Another power of dropout is that a new network is generated at each step. So if you train for 10,000 epochs, you have 10,000 different networks. These networks are not independent as they share many of their weights. This results in ensemble of many neural networks.

One technical detail is when applying dropout, remaining neurons have extra input weights (in average) as it should be, which leads to total much more weights than we want. To solve this multiply each input connection weights by $(1 - p)$ *keep probability* after training or alternatively divide each neuron's output by keep probability during training.

To implement dropout in Keras, you can use `keras.layers.Dropout`:

```python
model = keras.models.Sequential([
    keras.layers.Flatten(input_shape=[28, 28]),
    keras.layers.Dropout(0.2),
    keras.layers.Dense(100, activation='elu'),
    keras.layers.Dropout(0.2),
    keras.layers.Dense(10, activation='softmax')
])
```

> Since dropout is active only during training, comparing training loss with validation loss can be misleading. So make sure to evaluate training loss after training without dropout.

Dropout does tends to significantly slow down convergence, but it results a much better model.

> If you want to regularize a self-normalizing network based on SELU activation function, you can use *alpha dropout*: this preserves mean and variance of its inputs.

## Monte Carlo Dropout

*MC Dropout* is a powerful technique which can boost the performance of any trained dropout. Let's look at implementation:

```python
y_probas = np.stack([model(X_test_scaled, training=True)
                    for sample in range(100)]) # [100, 10000, 10]
y_probas = y_probas.mean(axis=0) # [10000, 10]
```

We set `training=True` for dropout to be active. Because of this all the predictions are different, so we stack up 100 different predictions and average them all. Then we get single prediction. 

When model predicts single prediction with dropout off it shows best probability. But by MC Dropout technique result is more general and sensitive. So when you want to make a sensitive model (like medical or financial) MC Dropout would be helpful.

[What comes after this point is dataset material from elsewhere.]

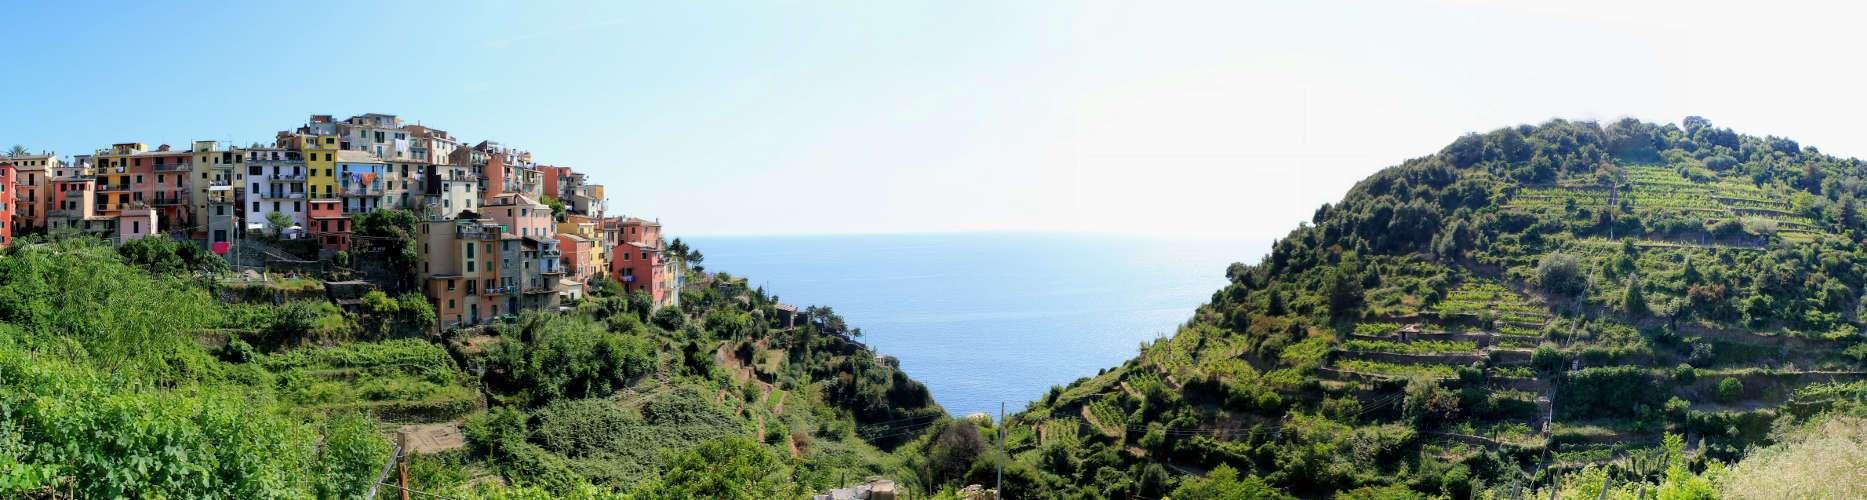 Panorámica Corniglia (Cinque Terre)
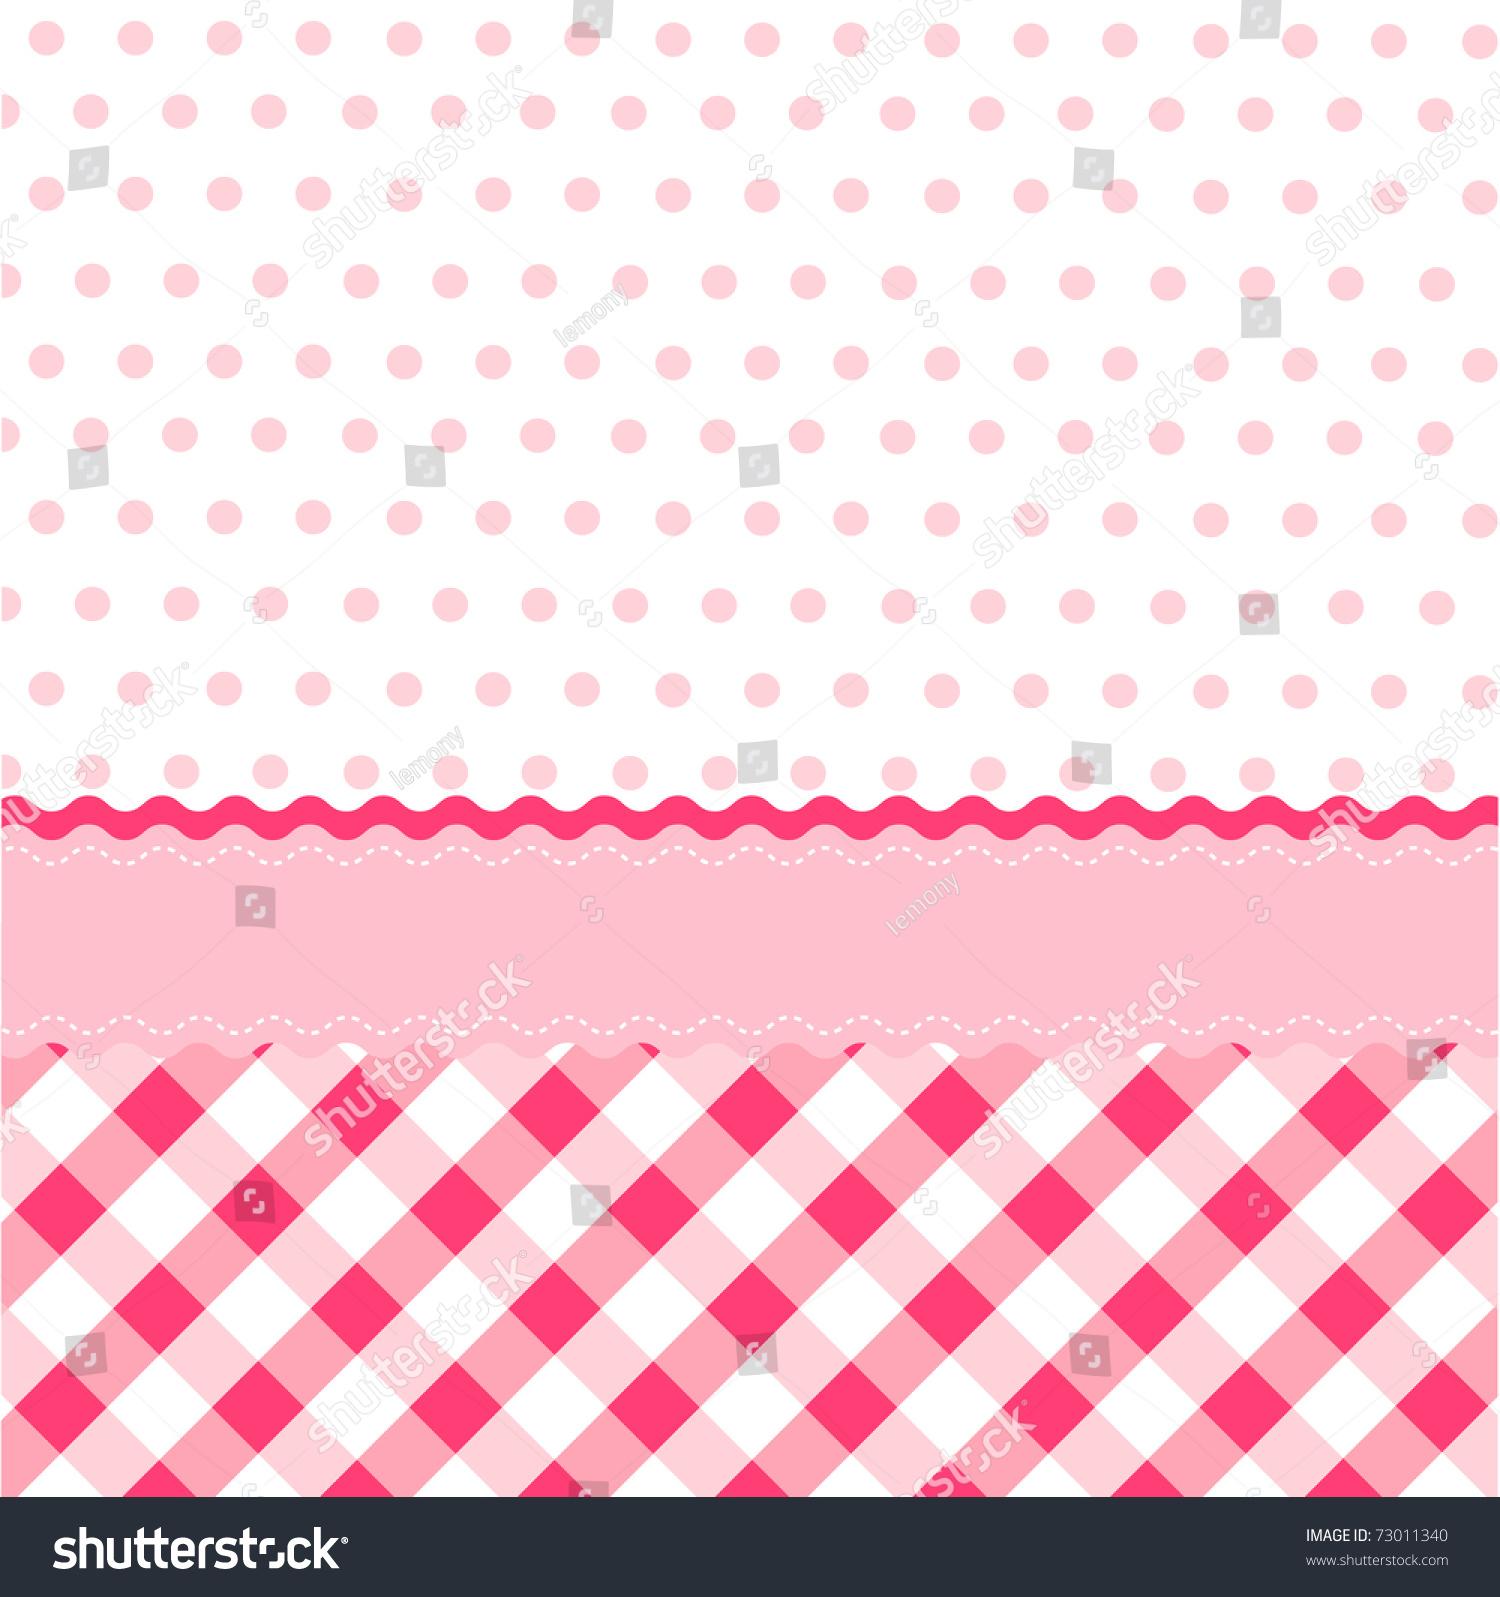 Seamless Baby Girl Pattern Wallpaper Stock Vector 73011340 ...

Moreover, model's accuracy also increased by MC Dropout without retraining it.

> The number of MC samples (100 in this example) is a hyperparameter. Higher would be more accurate the predictions and uncertainty will be. If you double it prediction time doubles. So its a trade-off between latency and accuracy.

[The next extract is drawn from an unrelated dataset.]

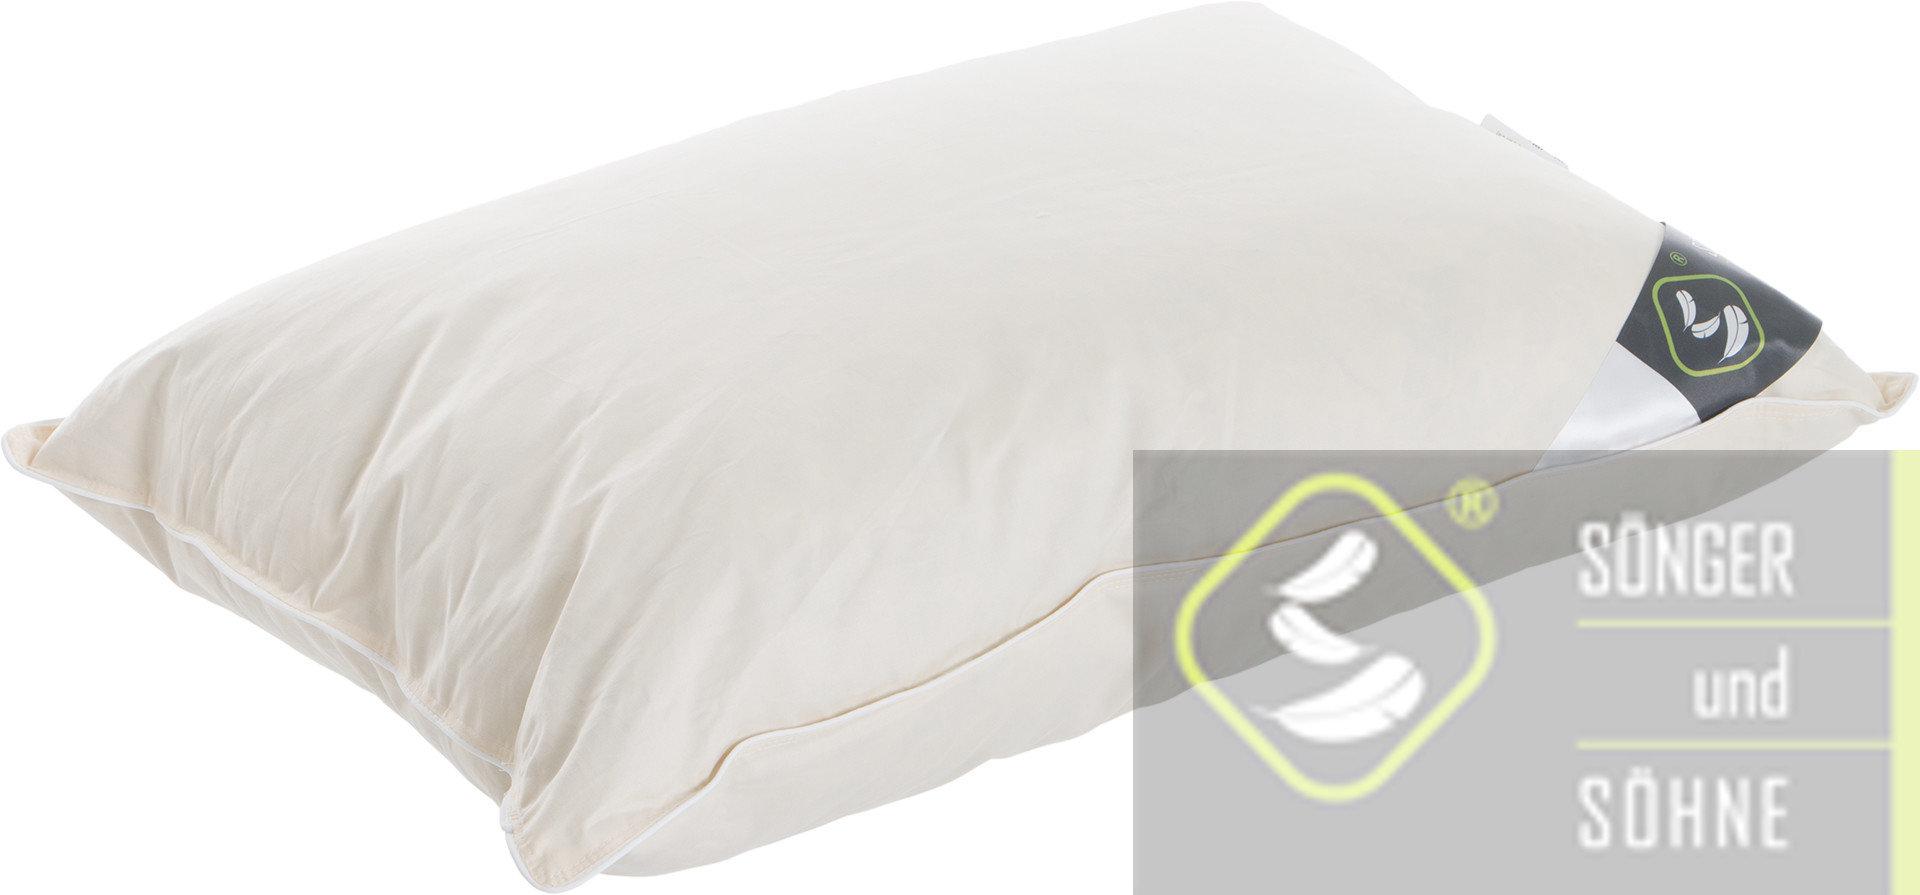 Подушка Elsa 50х70 см пух (5%)  перо (95%) Sönger und Söhne

If your model consists other special layers like `BatchNormalization` layers. Then you should not force `training=True`, instead use `MCDropout` layer given below:

```python
class MCDropout(keras.layers.Dropout):
    def call(self, inputs):
        return super().call(inputs, training=True)
```

## Max-Norm Regularization

*Max-norm regularization* constrains the weights $w$ of the incoming connections such that $||w||_2 < r$, where $r$ is the max-norm hyperparameter. 

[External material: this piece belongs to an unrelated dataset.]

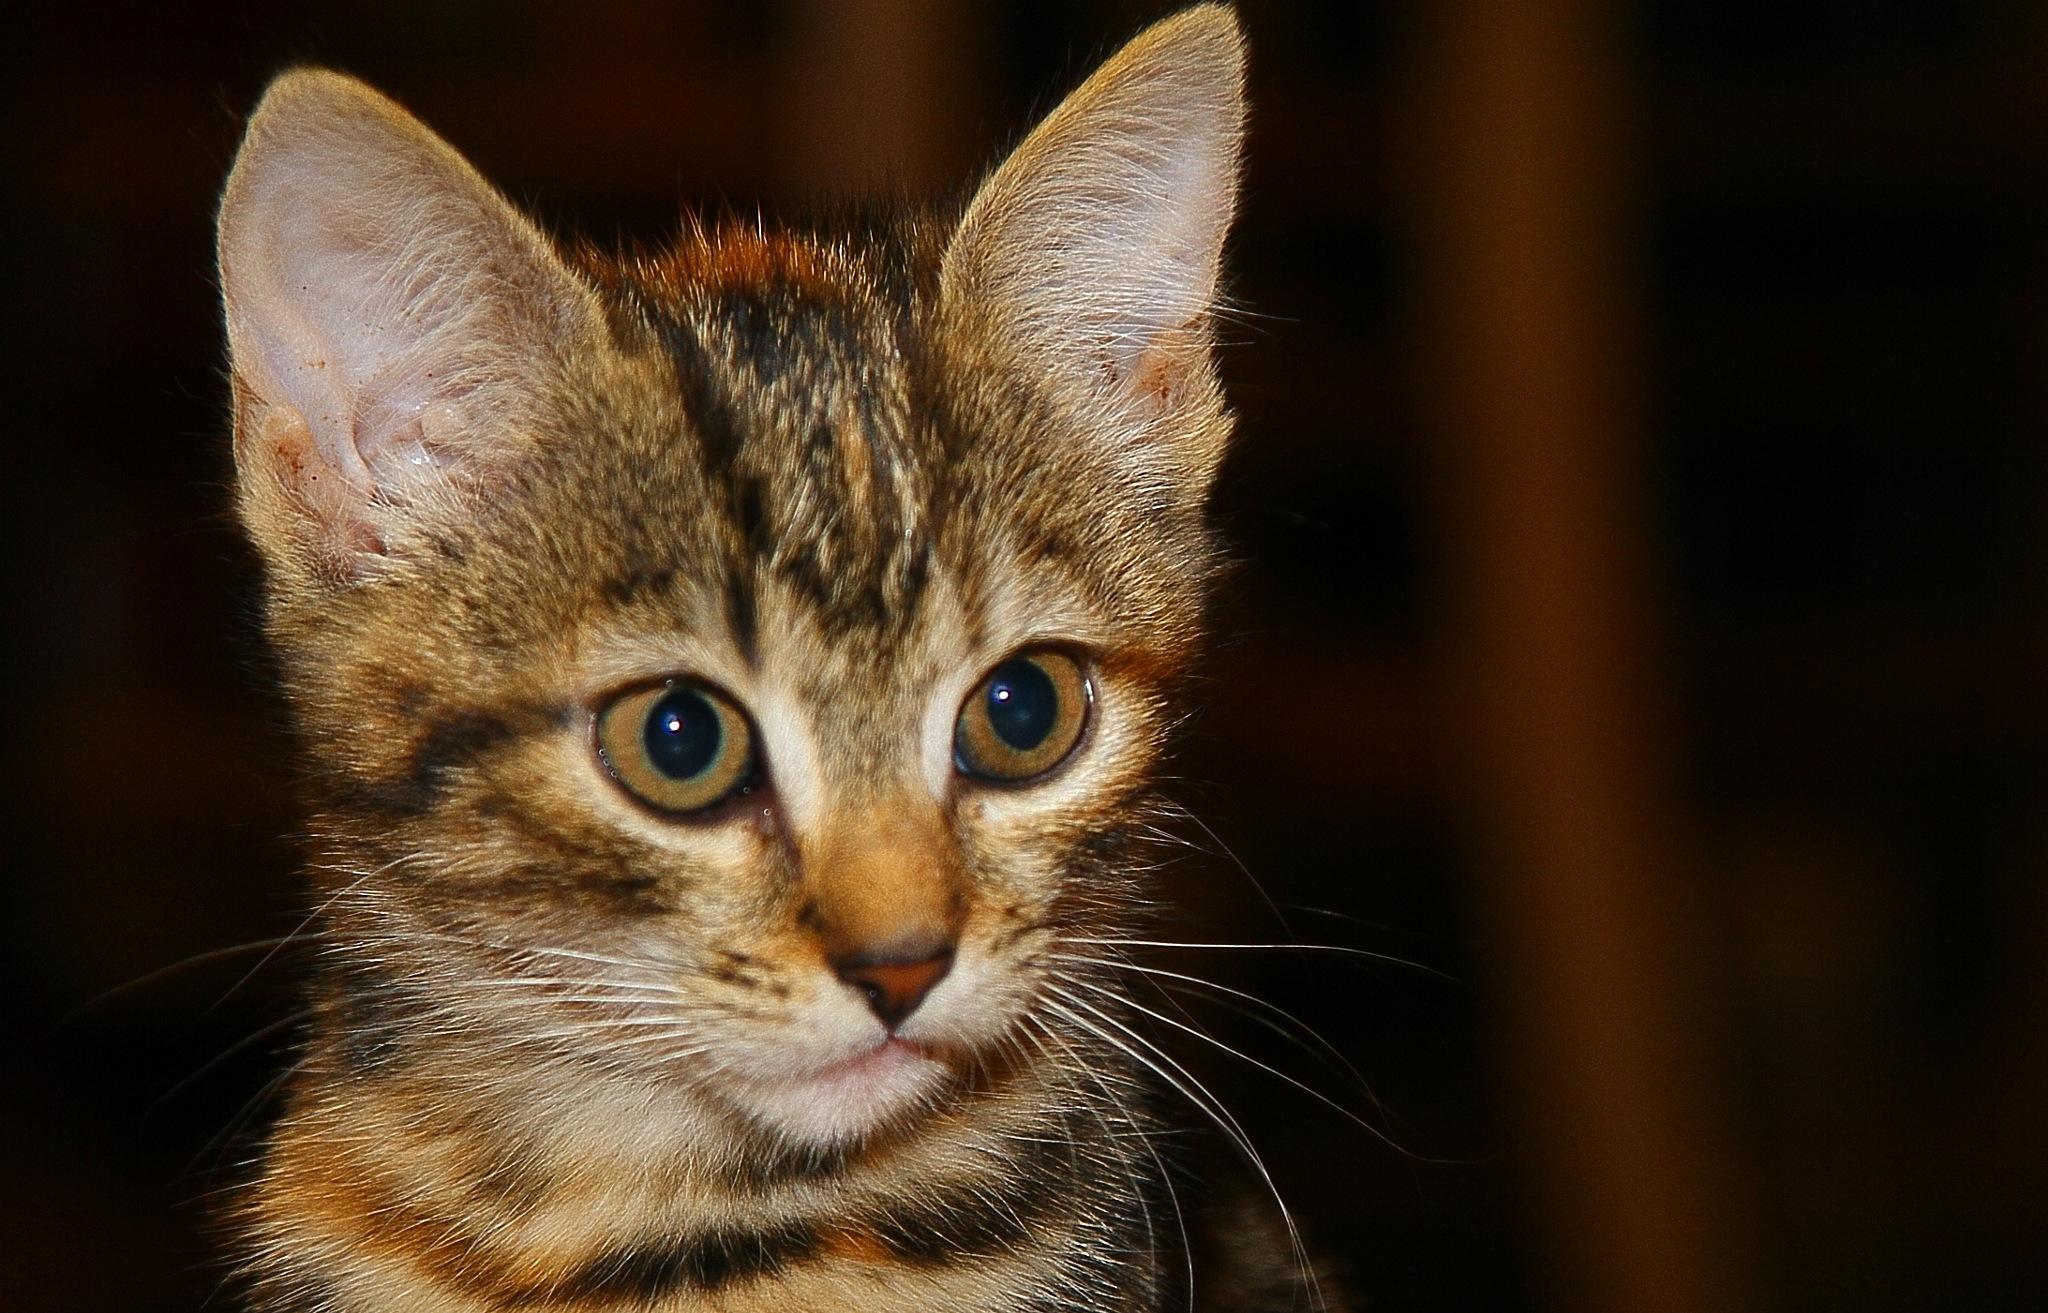 Kitten 3 by Thomas Lenz

It is typically implemented by computing $||w||_2$ after each training step and rescaling $w$ if needed by $w \gets w\frac{r}{||w||_2}$.

Reducing $r$ increases regularization.

```python
keras.layers.Dense(100, activation='elu',
                  kernel_constraint=keras.constraints.max_norm(1.))
```

You can also constrain bias term by setting `bias_constraint`.

The`max_norm()` has an `axis` argument defaults to 0. But when using convolutional layers make sure what axis you want to use (usually `axis=[0, 1, 2]`).